> **ACTIVITY**: Everything from the line with "BREAKING: Oilers lose" to the end of the data below, both lines included, should be transcribed exactly; please omit the pictures.

> **SUPPLIED INFORMATION**:
# # # #

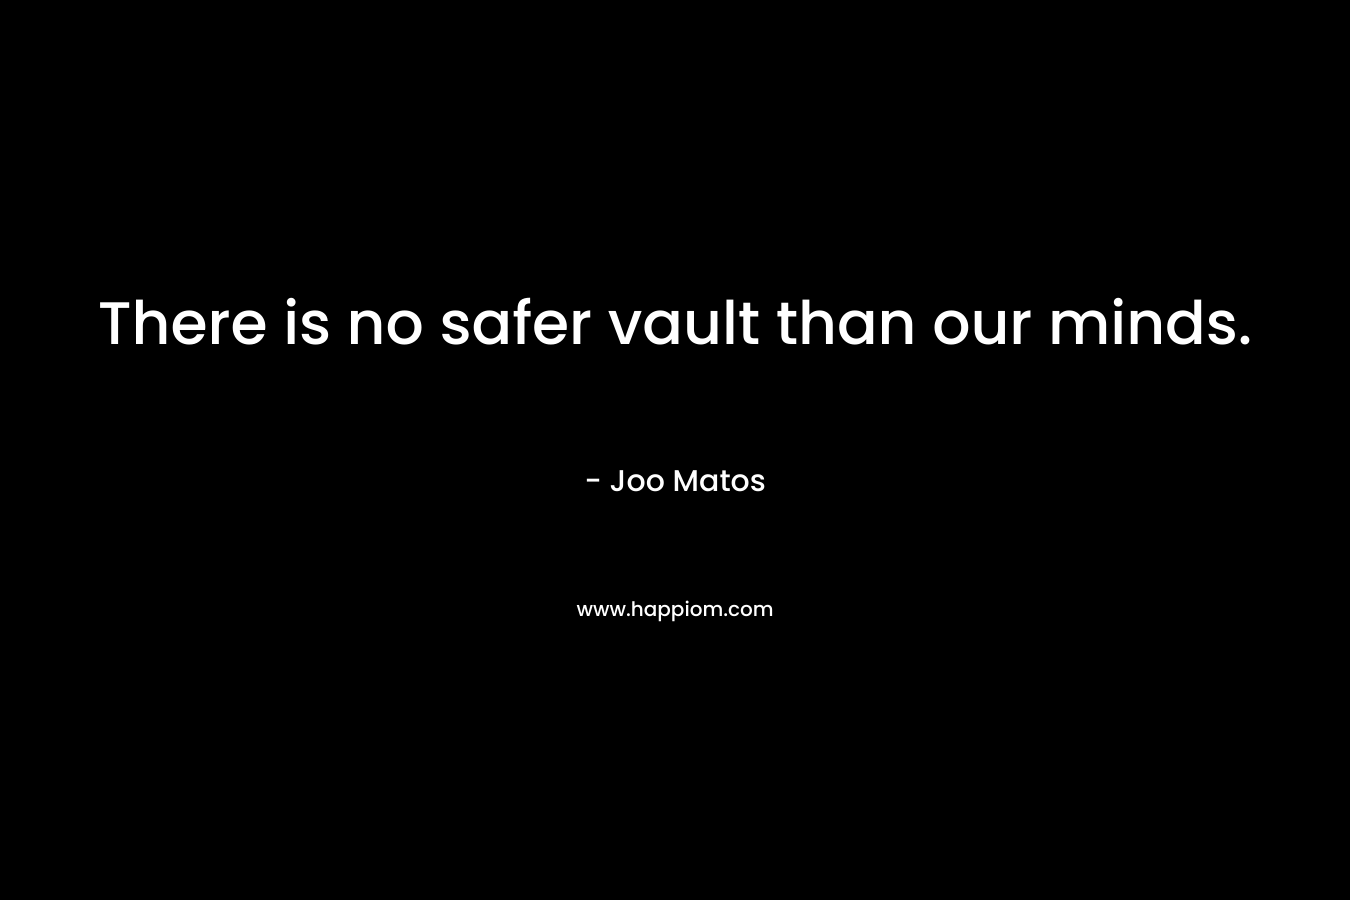 There is no safer vault than our minds. – Joo Matos
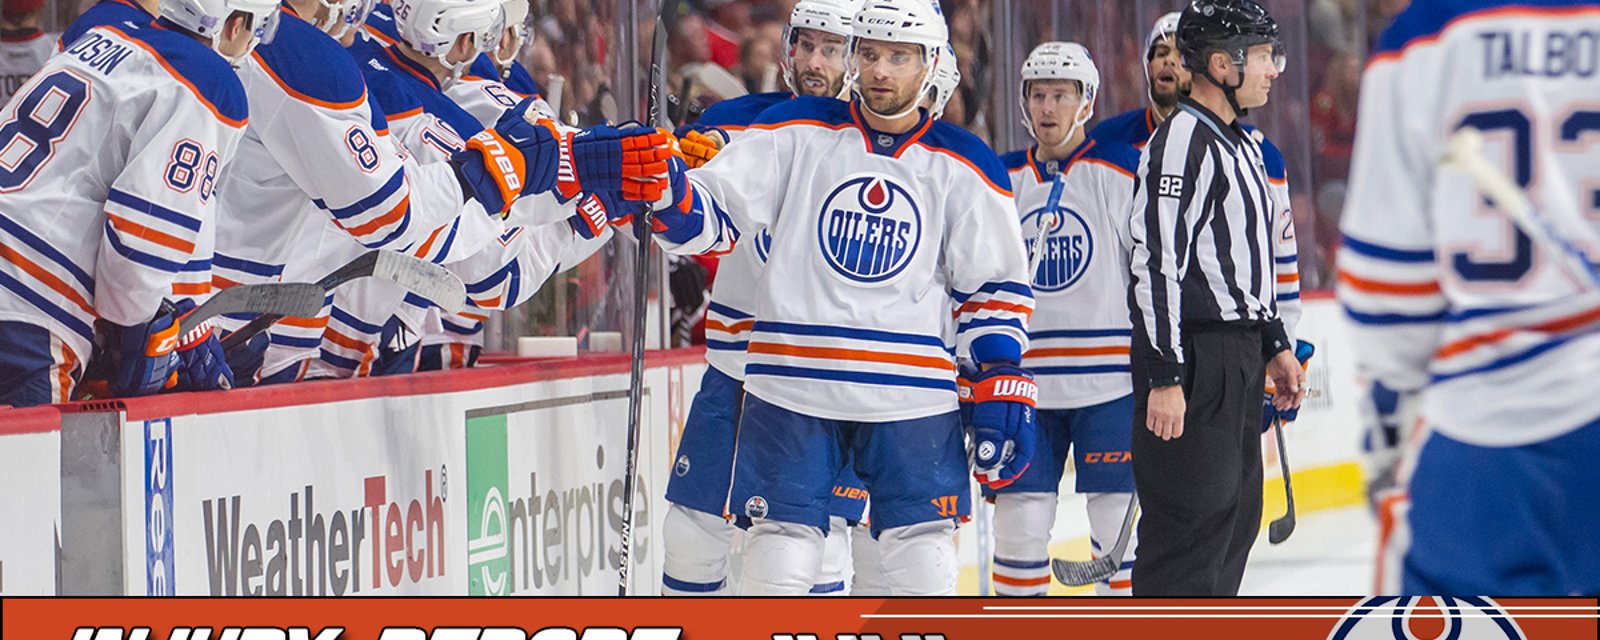 BREAKING: Oilers lose CRITICAL player for rest of series
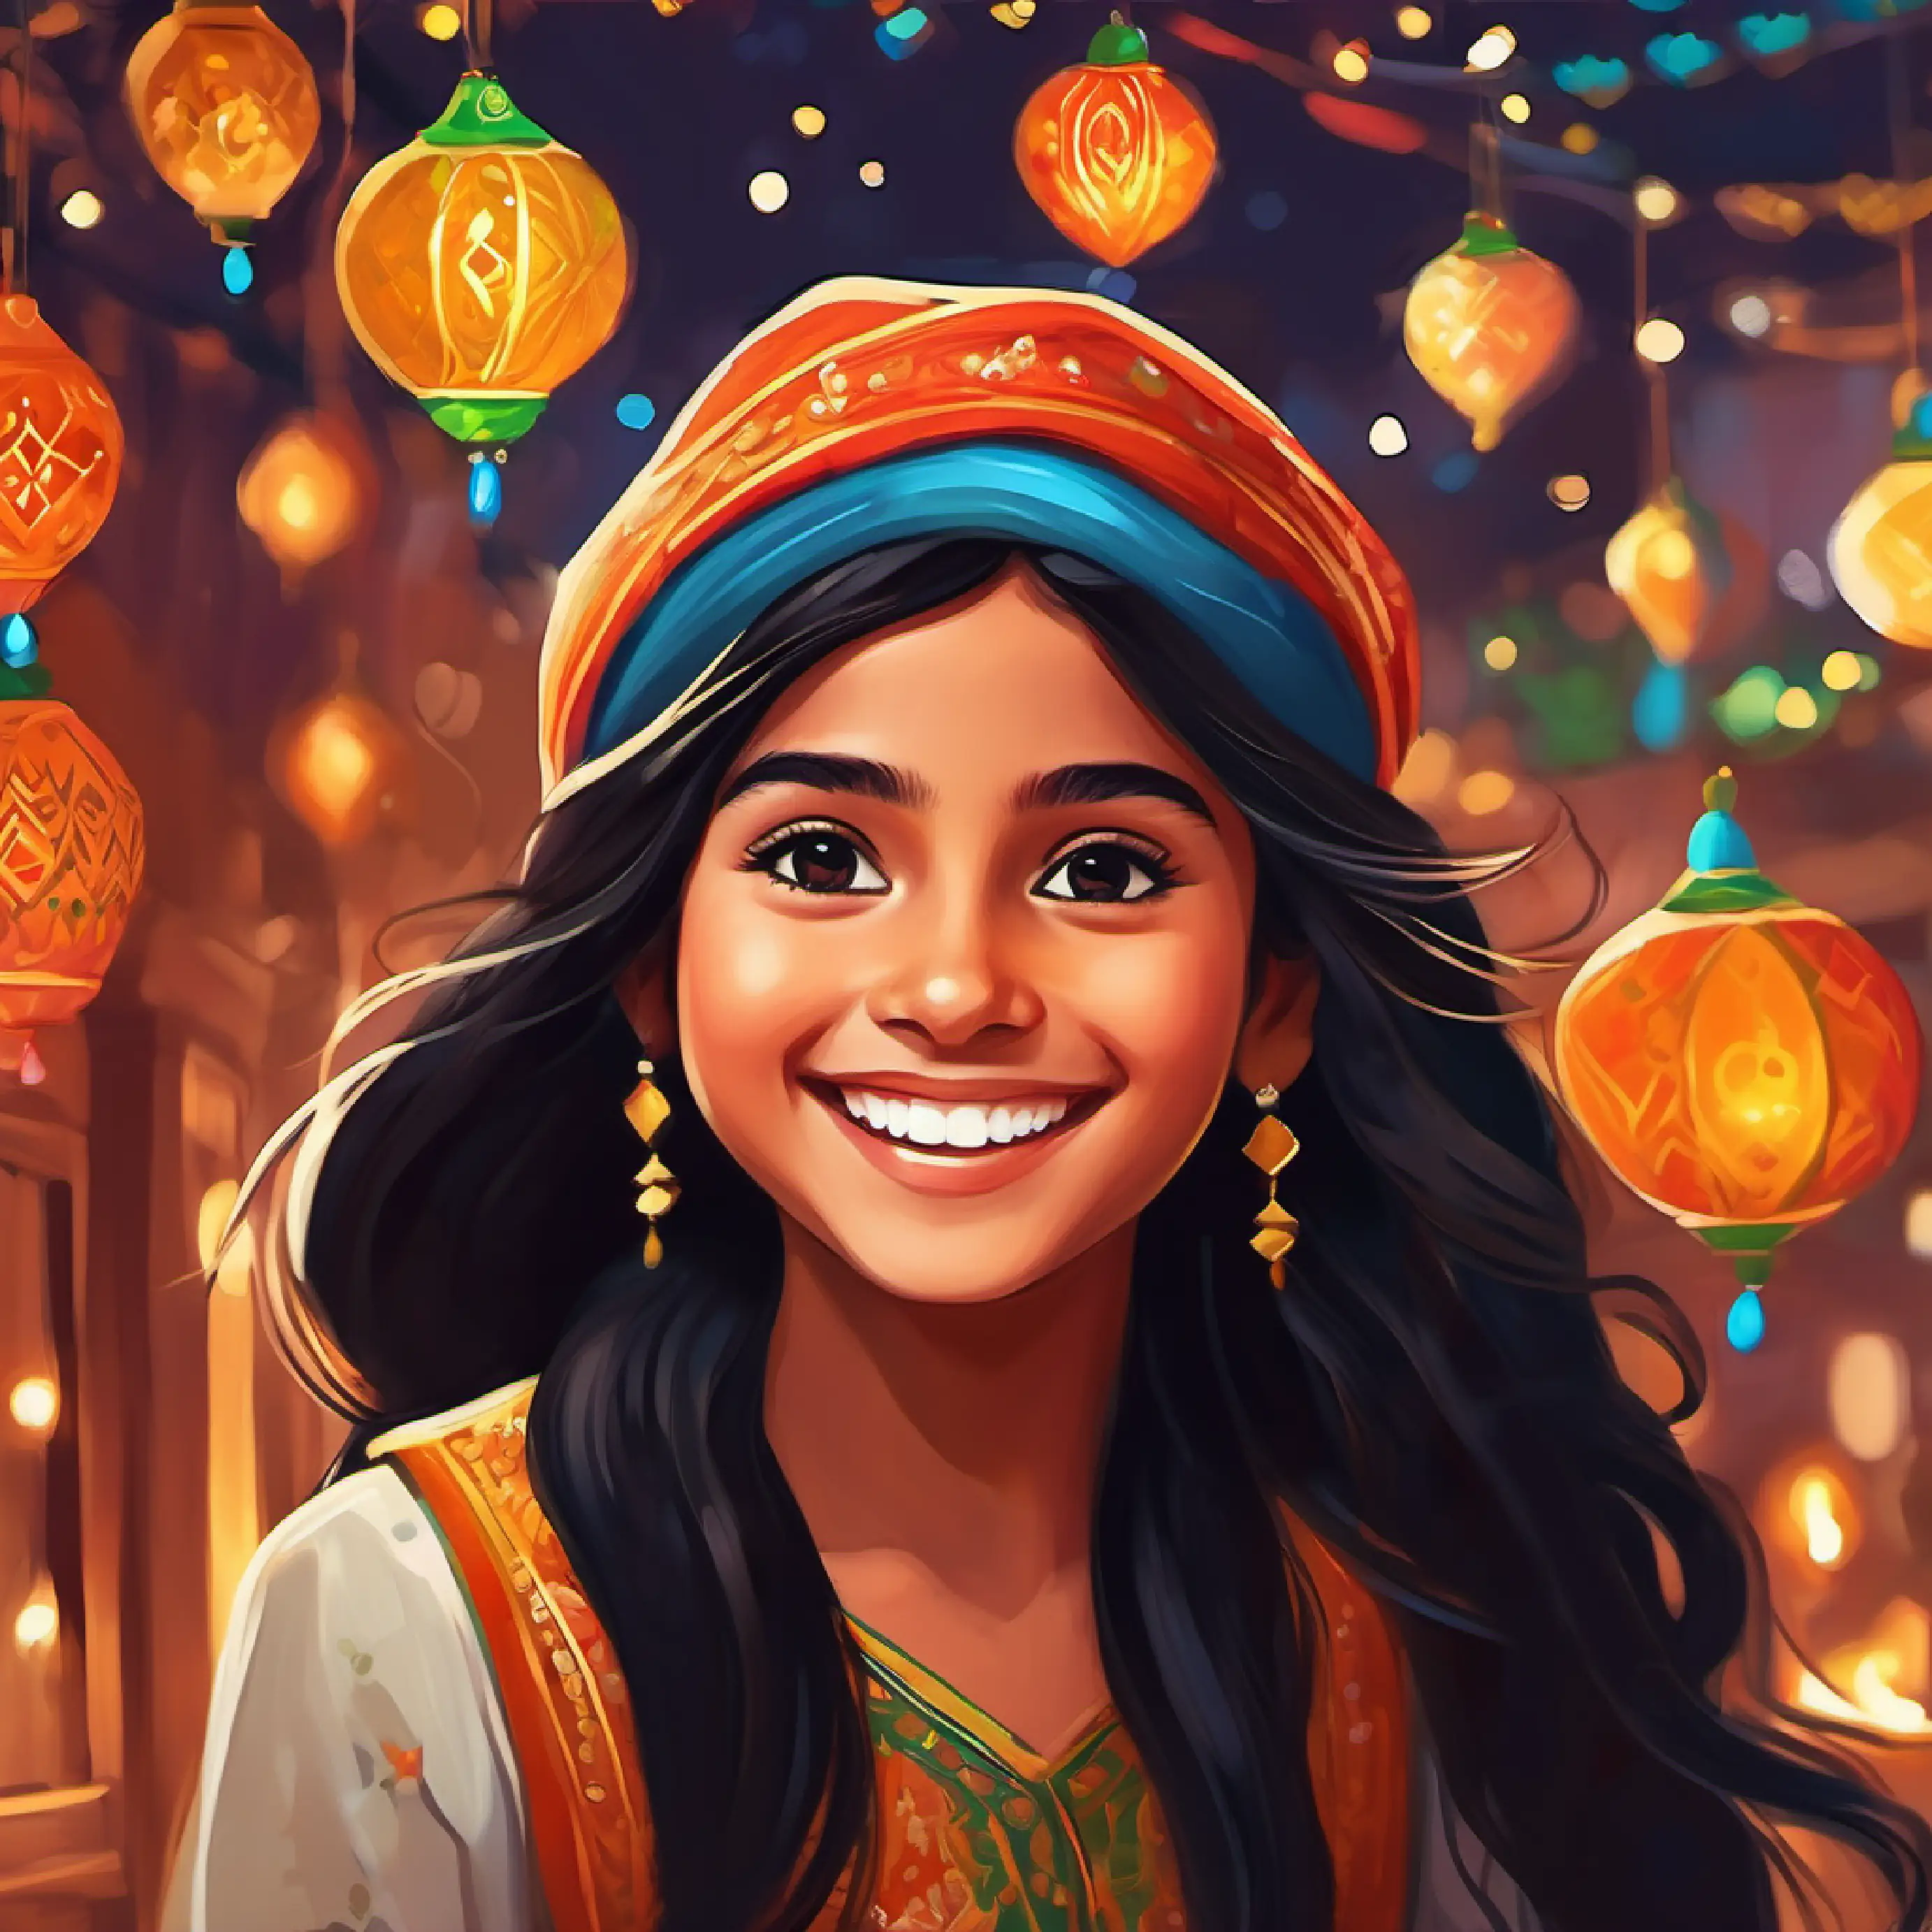 Young girl, long black hair, brown eyes, vibrant smile in Jaipur, excited for Diwali preparations.

# # # #

> **ANSWER FOR THE TASK**:
 BREAKING: Oilers lose CRITICAL player for rest of series
 Young girl, long black hair, brown eyes, vibrant smile in Jaipur, excited for Diwali preparations.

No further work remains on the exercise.